SPRINGFIELD, Ill. (AP) — Illinois lawmakers never changed state law to allow the transfer of tens of millions of dollars due to the state's horse racing industry, so the money is sitting unused in a Gaming Board account, an audit released Thursday found.
Money from a riverboat casino that opened in Des Plaines nearly two years ago is generating the money — according to horse racing officials, more than $115 million so far that was supposed to alleviate casino wagering's impact on horse tracks.
Auditor General William Holland's report of the Des Plaines boat's gross receipts, said 15 percent is supposed to go to a Horse Racing Equity Fund and 2 percent to Chicago State University.

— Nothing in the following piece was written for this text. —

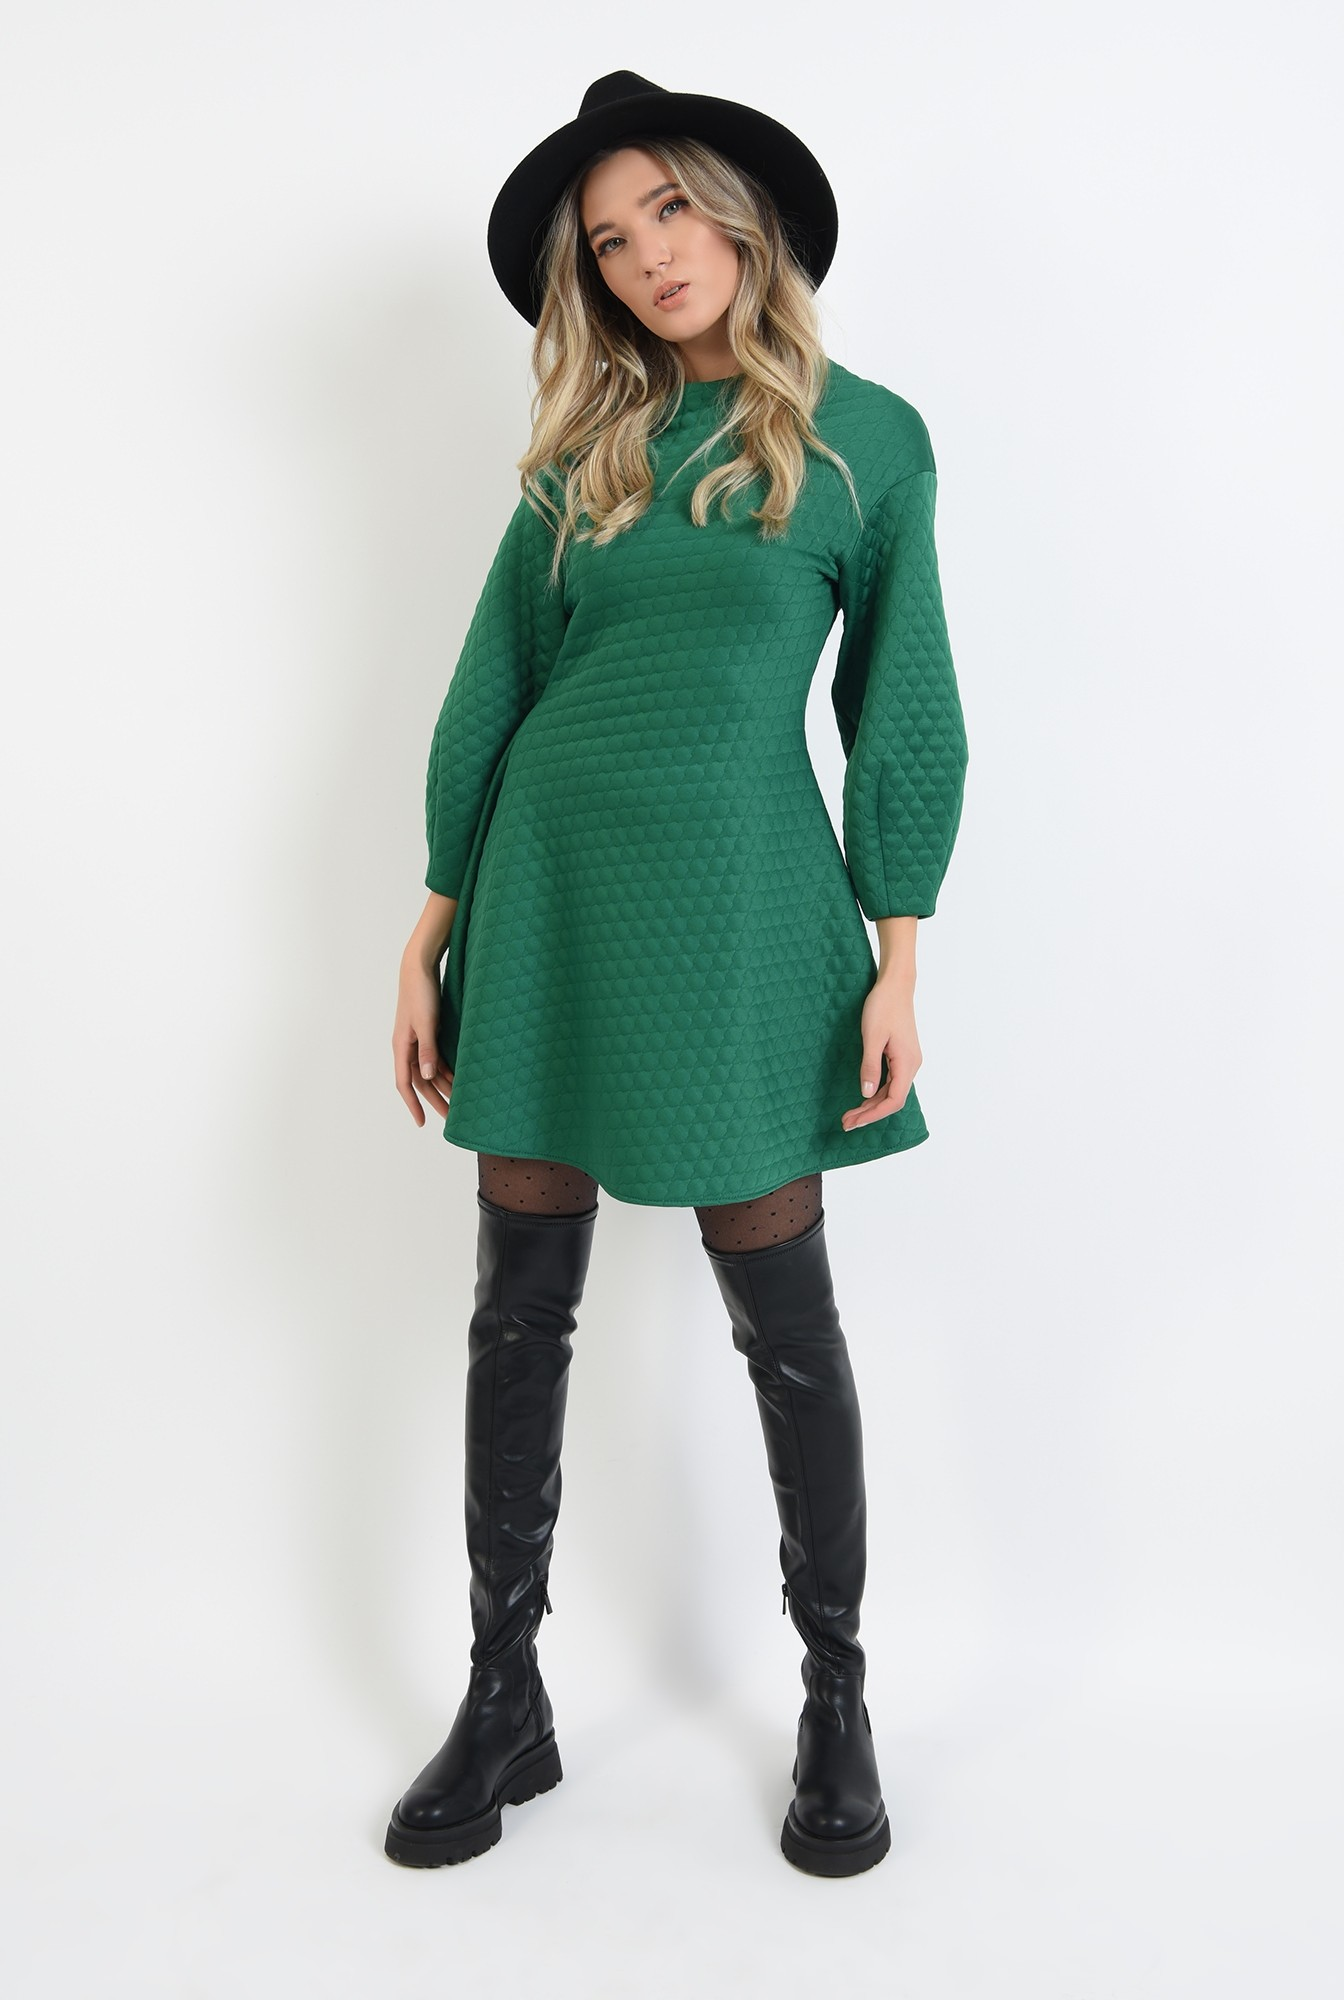 1 - rochie din material matlasat, verde, scurta, evazata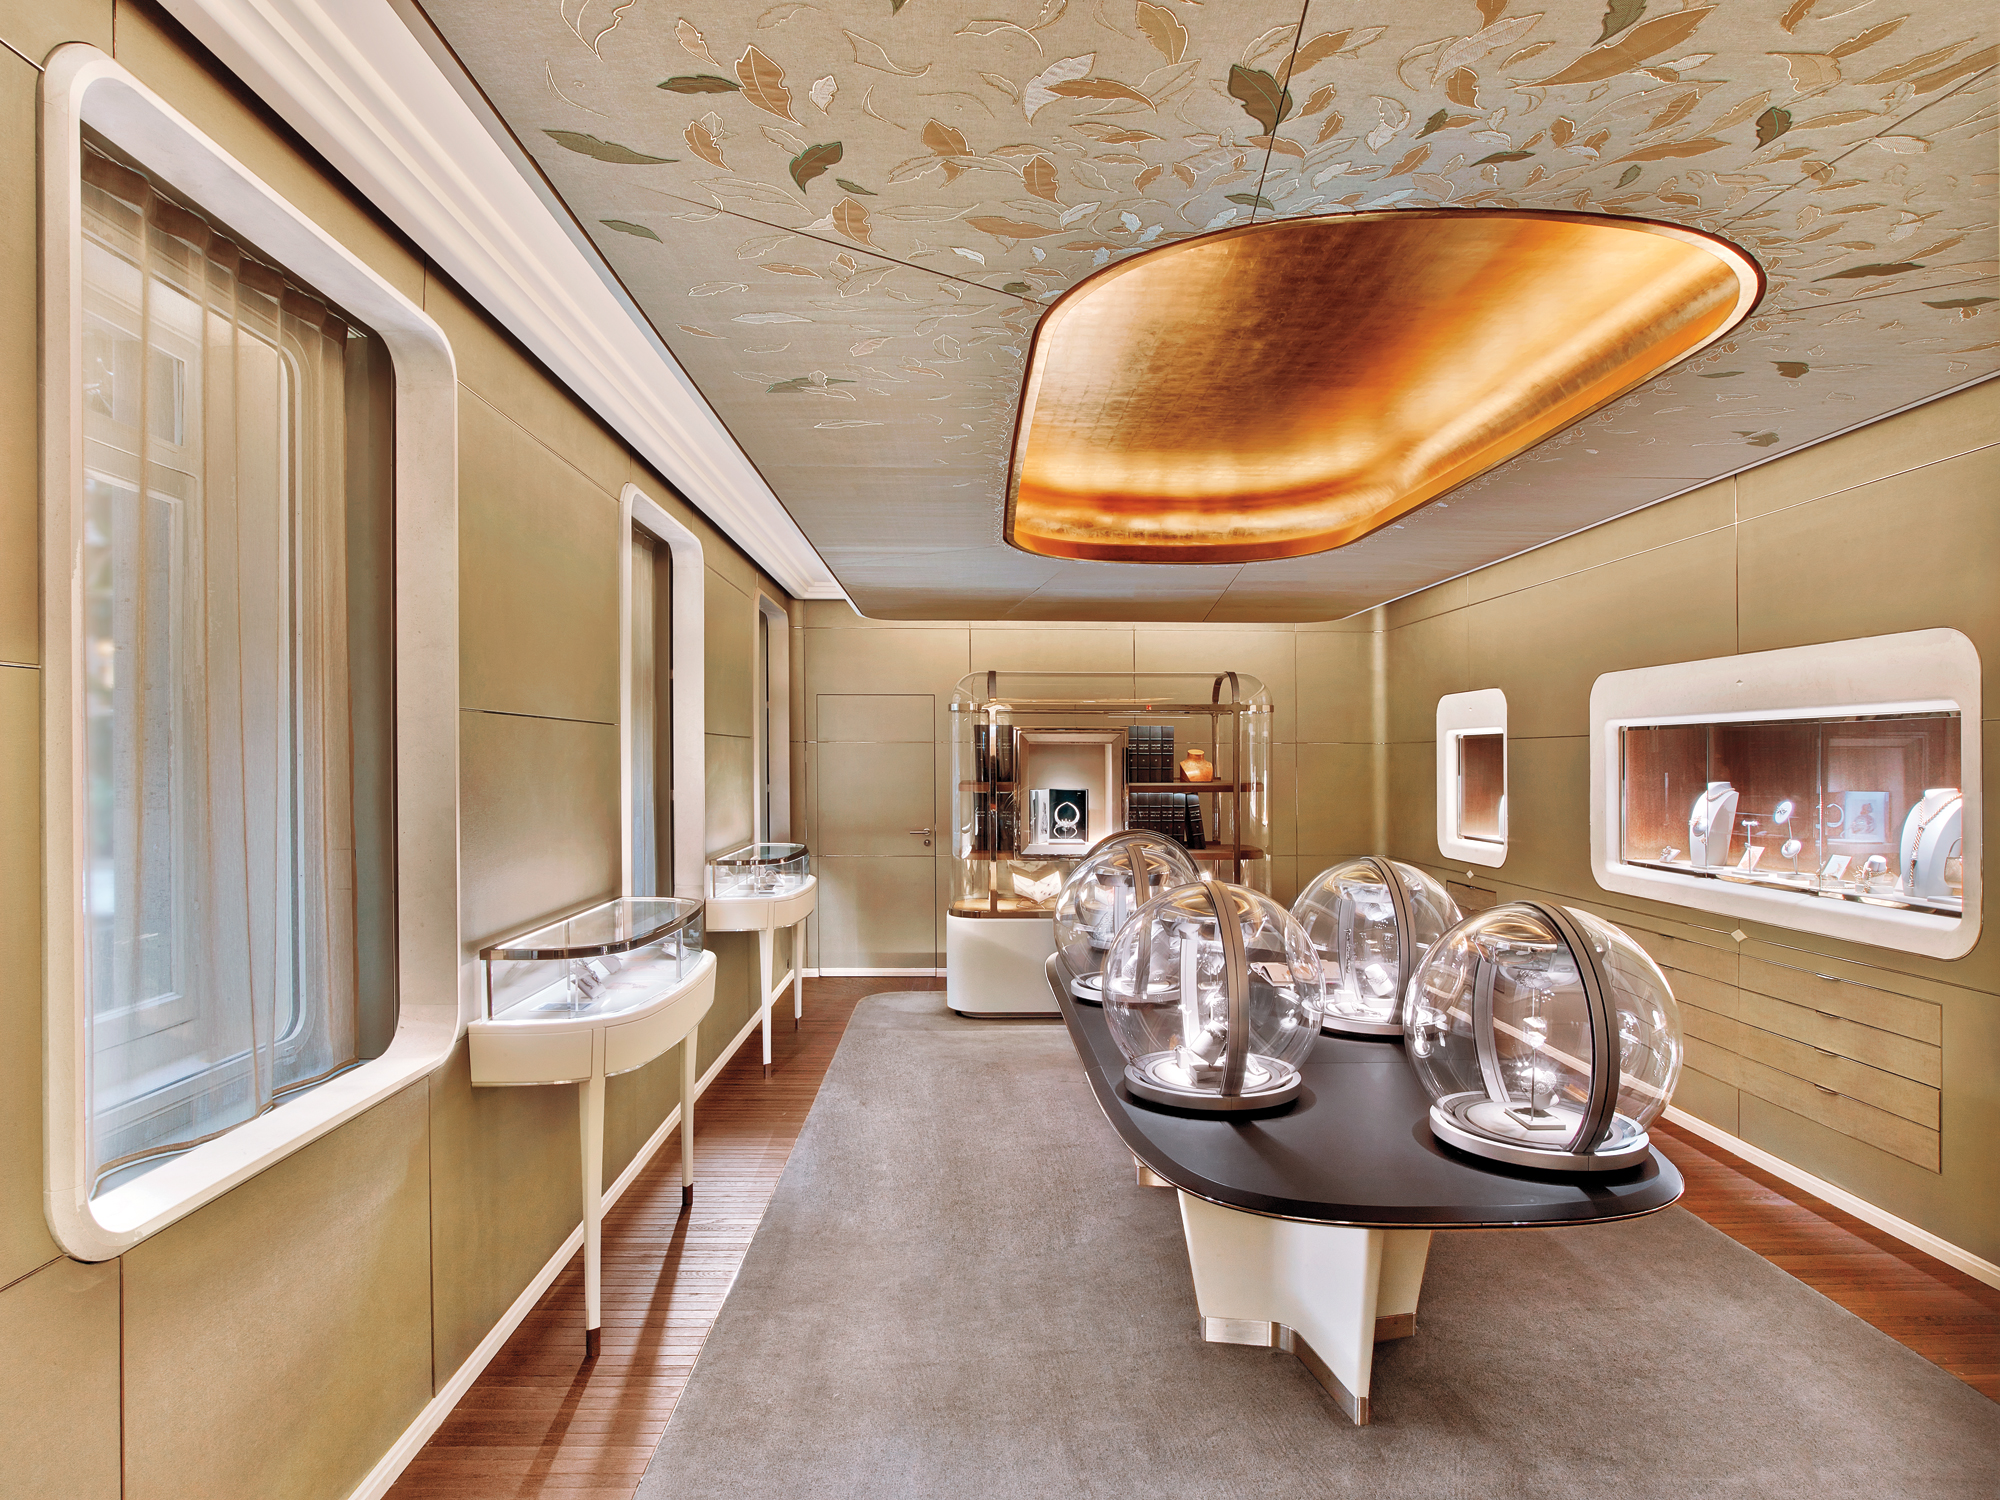 Van cleef arpels by jouin manku 2016 best of year for Design interieur paris

The audit through June 2012 found $59 million owed to the horse racing fund and $7.9 million due Chicago State.
Nearly $120 million in horse racing money has accumulated, officials said.
"The horsemen have been trying to break that money loose since it started flowing in there," said Andrew Mack, a representative of the Illinois Harness Horsemen's Association.
The Gaming Board responded in the audit that it is working with Gov. Pat Quinn's administration to fix the problem.
Horse racing industry authorities have watched a steady decline in a once-prosperous sport in Illinois since riverboat casinos debuted in 1992. Mack said purses totaled $41.7 million two decades ago; last year, they topped out at $24.3 million.
Supporters have clamored for more than a decade because when riverboats were allowed to remain docked, impact fees they say should total $100 million a year were supposed to be set aside for racing have never materialized.
By the middle of the last decade, they had been able to win 3 percent of some casino revenues, but it turned out to be a short-lived victory, because that money was scheduled to end either when Des Plaines opened, or the Legislature approved a law allowing racetracks to add slot machines, said Glen Berman, executive director of the Illinois Thoroughbred Horsemen's Association.
Quinn vetoed two gambling expansion bills from 2011 and 2012 that included so-called "racinos" — the Senate is considering a third attempt this spring — and the money from Des Plaines never got distributed.
"It seems like there's always a catch," Berman said.
And there's no guarantee all the money will ever get to the racing industry. Legislation in the last session of the General Assembly would have transferred $17. 6 million from the state gaming fund to the Horse Racing Equity Fund and $70.4 million to a schools fund. Horse racing officials fear that legislation will resurface with the state facing budget problems.